Australia completed a historic Ashes whitewash on Saturday night when they beat England in the day-night Test at the MCG inside three days.
It capped a horror tour for England – the first time a team had gone winless in the hybrid points format. It was a one-sided series to say the least – three Twenty20 wins, three ODI wins and a Test victory for Australia – but there were a few moments that stood out above the others as series-defining.
We take a look at those moments – and what’s up next for the dominant Australian team.
1. King rescues Australia after collapse
The sliding doors moment of the series came in the second one-day international at the Junction Oval when leg-spinner Alana King first stamped her imprint on the series. Dismissed for 180 after a massive collapse, Australia needed something special – and it came from King, bowling at the club ground where the legendary Shane Warne cut his teeth. King changed the game with two wickets in the middle orders then unleashed back-to-back strikes to cripple England’s chase, finishing with 4-25 from 10 overs. She came tantalisingly close to a hat-trick with a gem of a leg-break that England’s No.10 could get nowhere near. Skipper Alyssa Healy said after the series this escape was the game she knew Australia would win the Ashes.

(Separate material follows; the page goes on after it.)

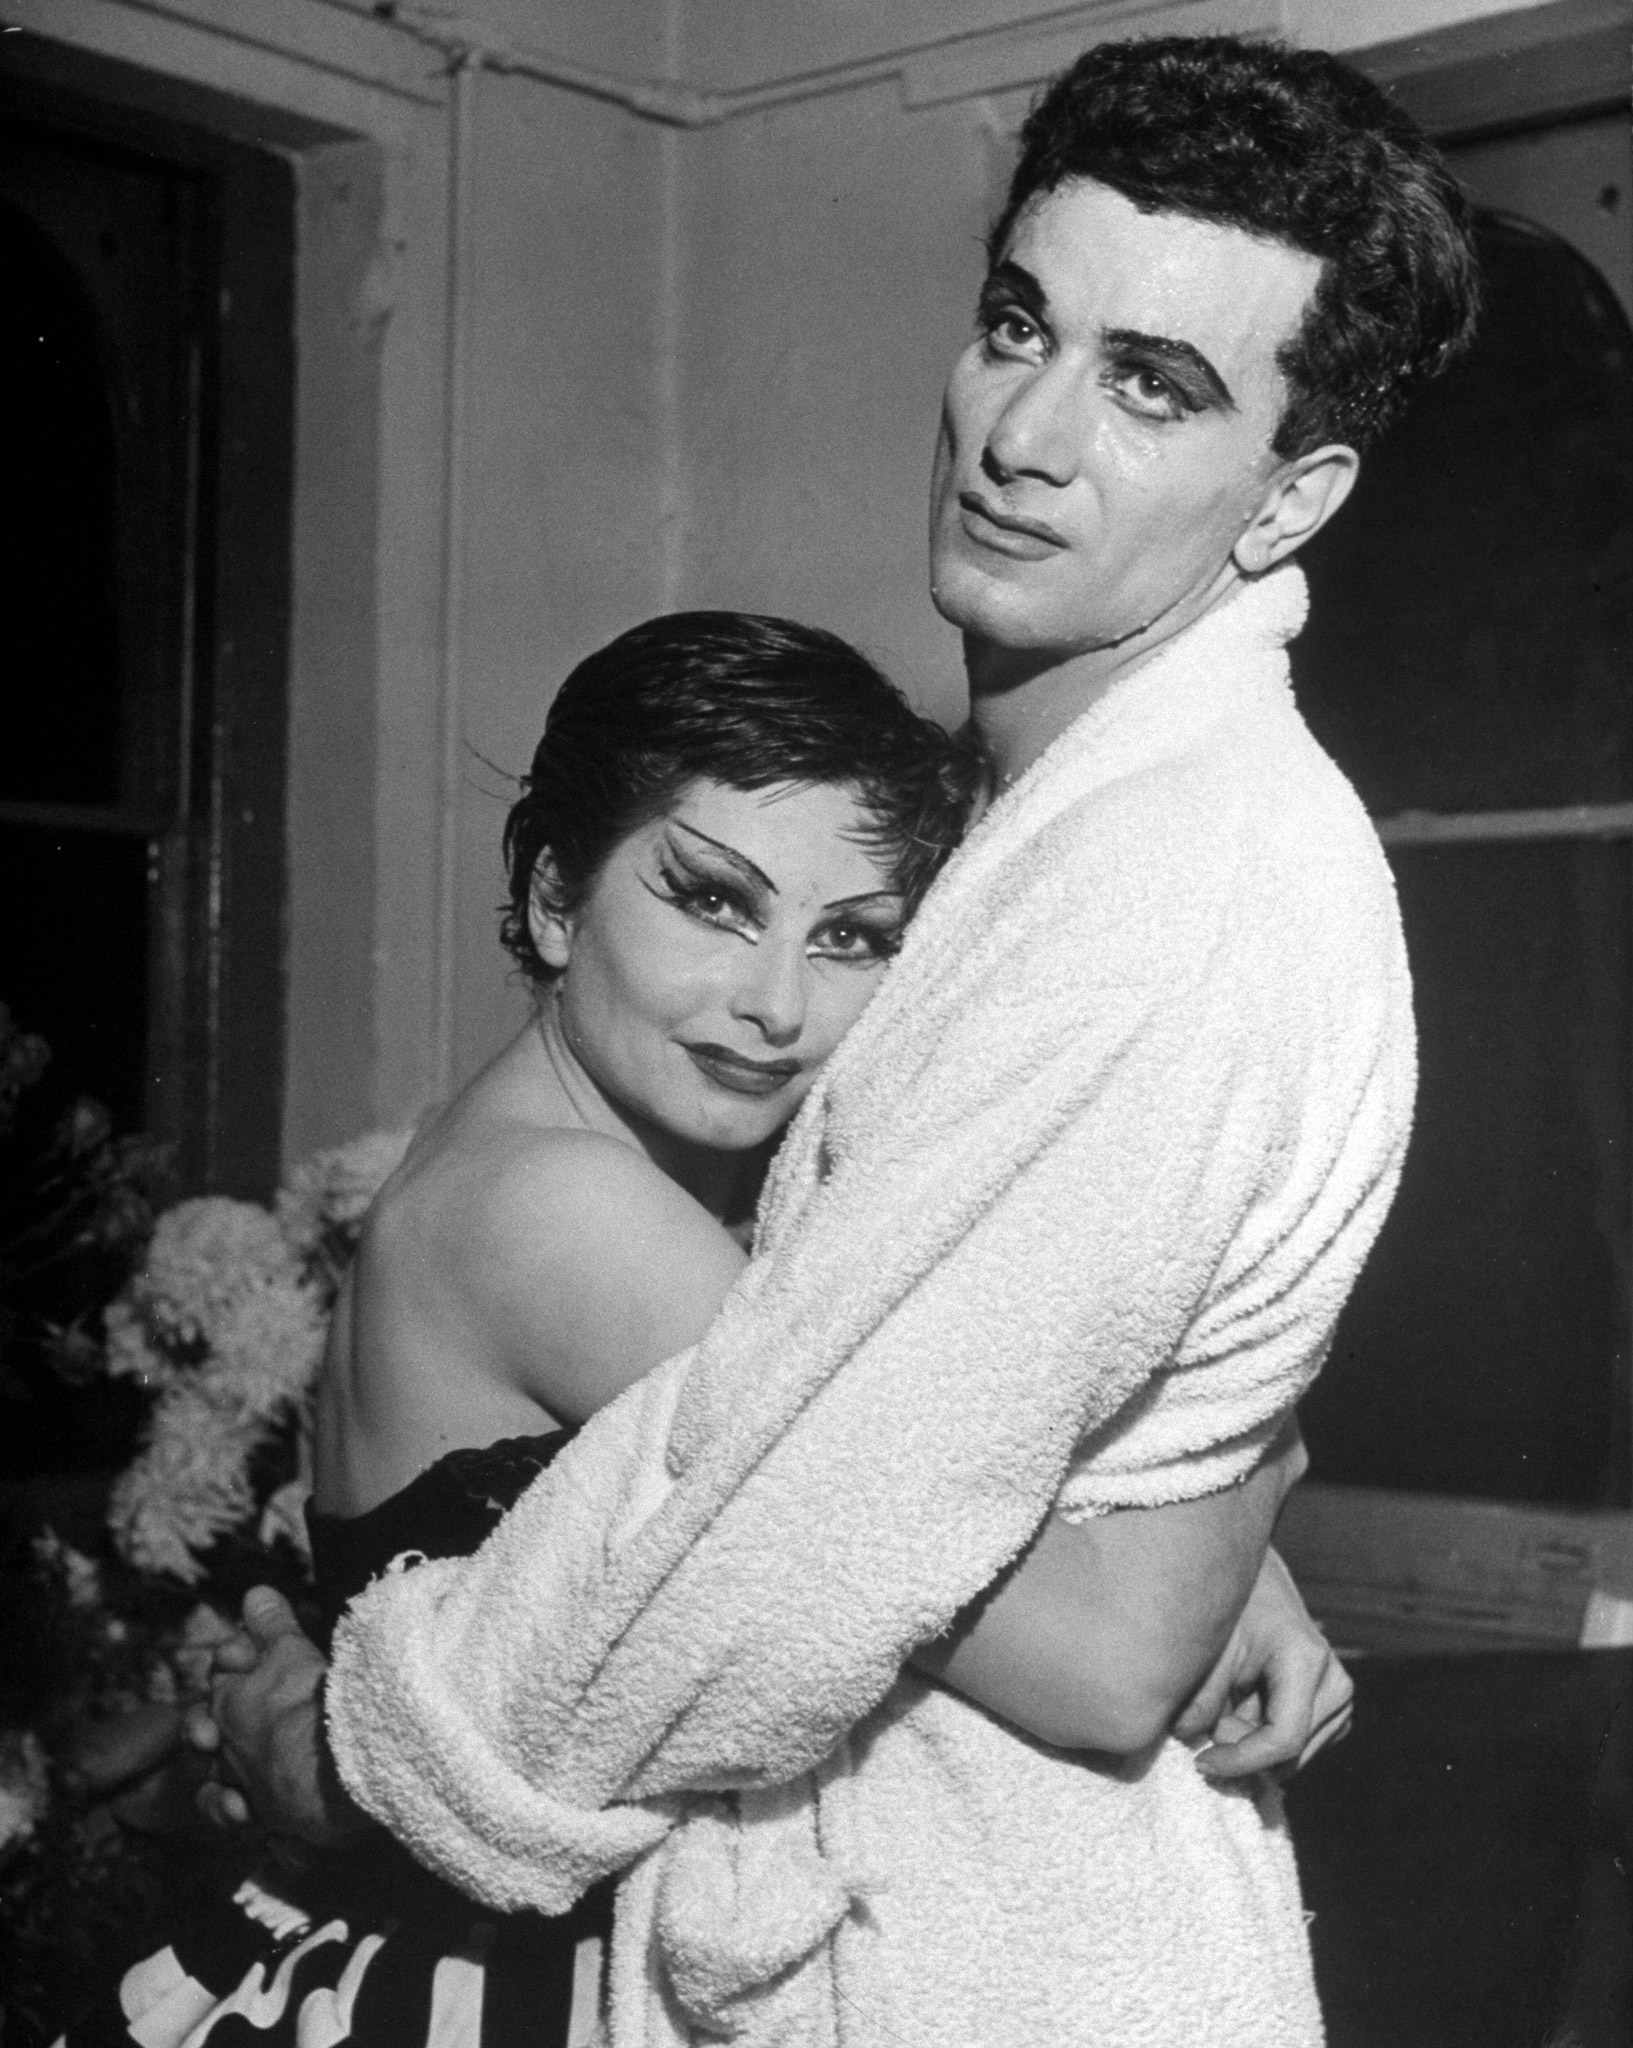 Dancers Roland Petit and Renee (Zizi) Jeanmaire hugging each other after performance in the ballet "Carmen," 1949.

2. A leggie mesmerises in an MCG Test
Warne had some of his most iconic moments at the MCG, his home ground – and King followed suit in the series’ marquee game. Bowling all 46.4 of her overs from the Shane Warne Stand end, she put on a clinic. England’s broken batters had no idea how to combat her combination of turn, drift and accuracy. Her delivery to dismiss Sophia Dunkley in England’s second innings was comparable to Warne’s fabled Gatting ball in 1993. King’s bag of five in the second innings (following four in the first) ensured she had her name etched onto the MCG honour boards, joining spin greats Warne, Nathan Lyon and Stuart MacGill – a fitting way to end a campaign where she was named player of the series. A record women’s Test crowd of 35,365 across the three days vindicated Cricket Australia’s decision to play the game at a major stadium instead of a smaller boutique venue that may offer a more intimate atmosphere but cannot accommodate such an audience.

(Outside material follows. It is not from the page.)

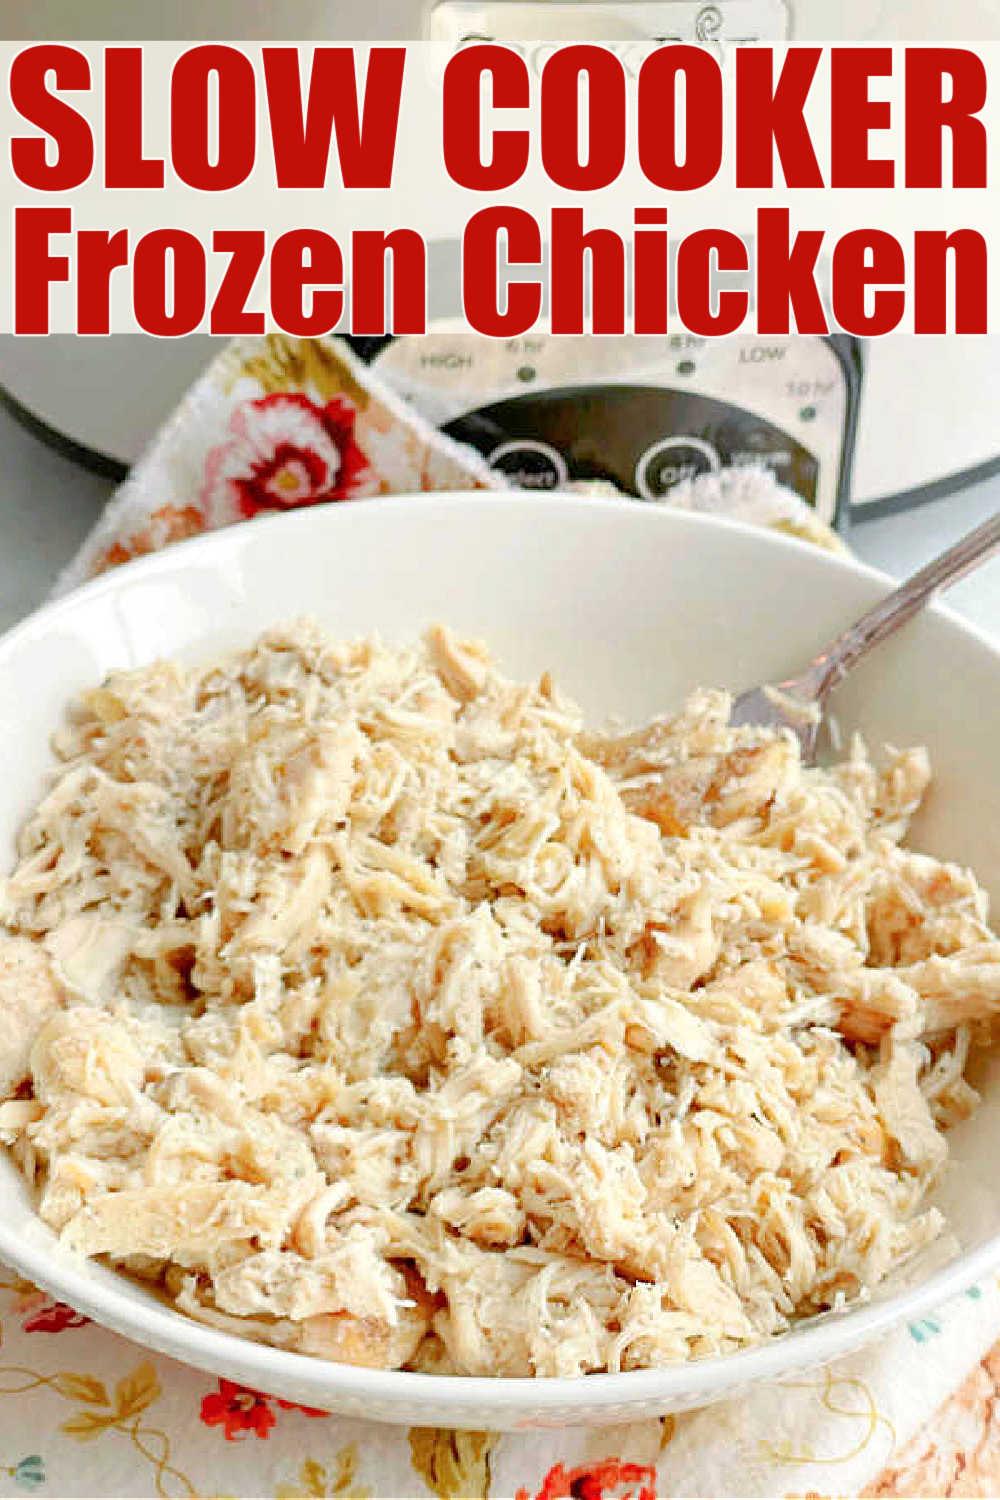 How to Make Frozen Chicken in the Crock Pot

3. Australia seal Ashes victory after rain thwarts England
There was much mirth in 2023 when rain at Old Trafford ensured Australia’s men retained the urn. This time, Australia’s women clinched the series after rain robbed England of the chance to pinch a last-over win in the second Twenty20 at Canberra. England captain Heather Knight was shattered when umpires led players off the field as the heavens opened with her team needing 18 to win off five balls – a difficult ask but not impossible, given how well she was batting. Before you have too much sympathy for England, they had been keen to leave the field earlier in the run chase when they were ahead of the Duckworth-Lewis-Sterne par score. This was as close as England came to winning a game.
4. Sutherland creates history at the MCG
Local product Annabel Sutherland has spent plenty of time at the MCG watching Boxing Day Tests and her beloved Geelong in the AFL. She is now part of the venue’s rich history for her deeds on the field after becoming the first woman to score a Test century there. Given three lives by England, Sutherland made the old enemy pay with a match-winning 163, her third century in her six-Test career. Only two other Australian women have hit three Test tons. At the age of 23, Sutherland is already up to ninth on Australia’s women’s Test runs chart with 586, and has plenty of time to pass Karen Rolton’s current mark of 1002. She was named player of the match as Australia secured a 16-0 clean sweep with victory by an innings and 122 runs.
5. England’s diabolical fielding
A disastrous series reached high farce for England when they missed 10 chances on a comically bad second day of the Test. The beleaguered visitors put down eight catches, blew another – which they did not get a hand to because they had made a hash of a sky ball – and missed a stumping. Some of the drops were so basic that park cricketers would have been embarrassed, let alone internationals earning considerable salaries. Sutherland and Beth Mooney made England pay a premium for their sloppiness, kicking on to make centuries. The lives cost England 289 runs, a luxury they could not afford when they made 170 and 148.
What next for Australia?
All roads now point to the World Cup, in August and September, for Healy’s side. Winning the 50-over tournament was one of the goals Healy listed in her audition for the captaincy in December 2023. Though they failed to make the final of last year’s Twenty20 global event, the powerhouse of the international women’s game will start an overwhelming favourite later this year in India. While Australia’s whitewashes in the men’s Ashes of 2006-07 and 2013-14 were achieved with ageing teams, this is a side that has already invested in youth and can win without enormous contributions from stalwarts Healy and Ellyse Perry.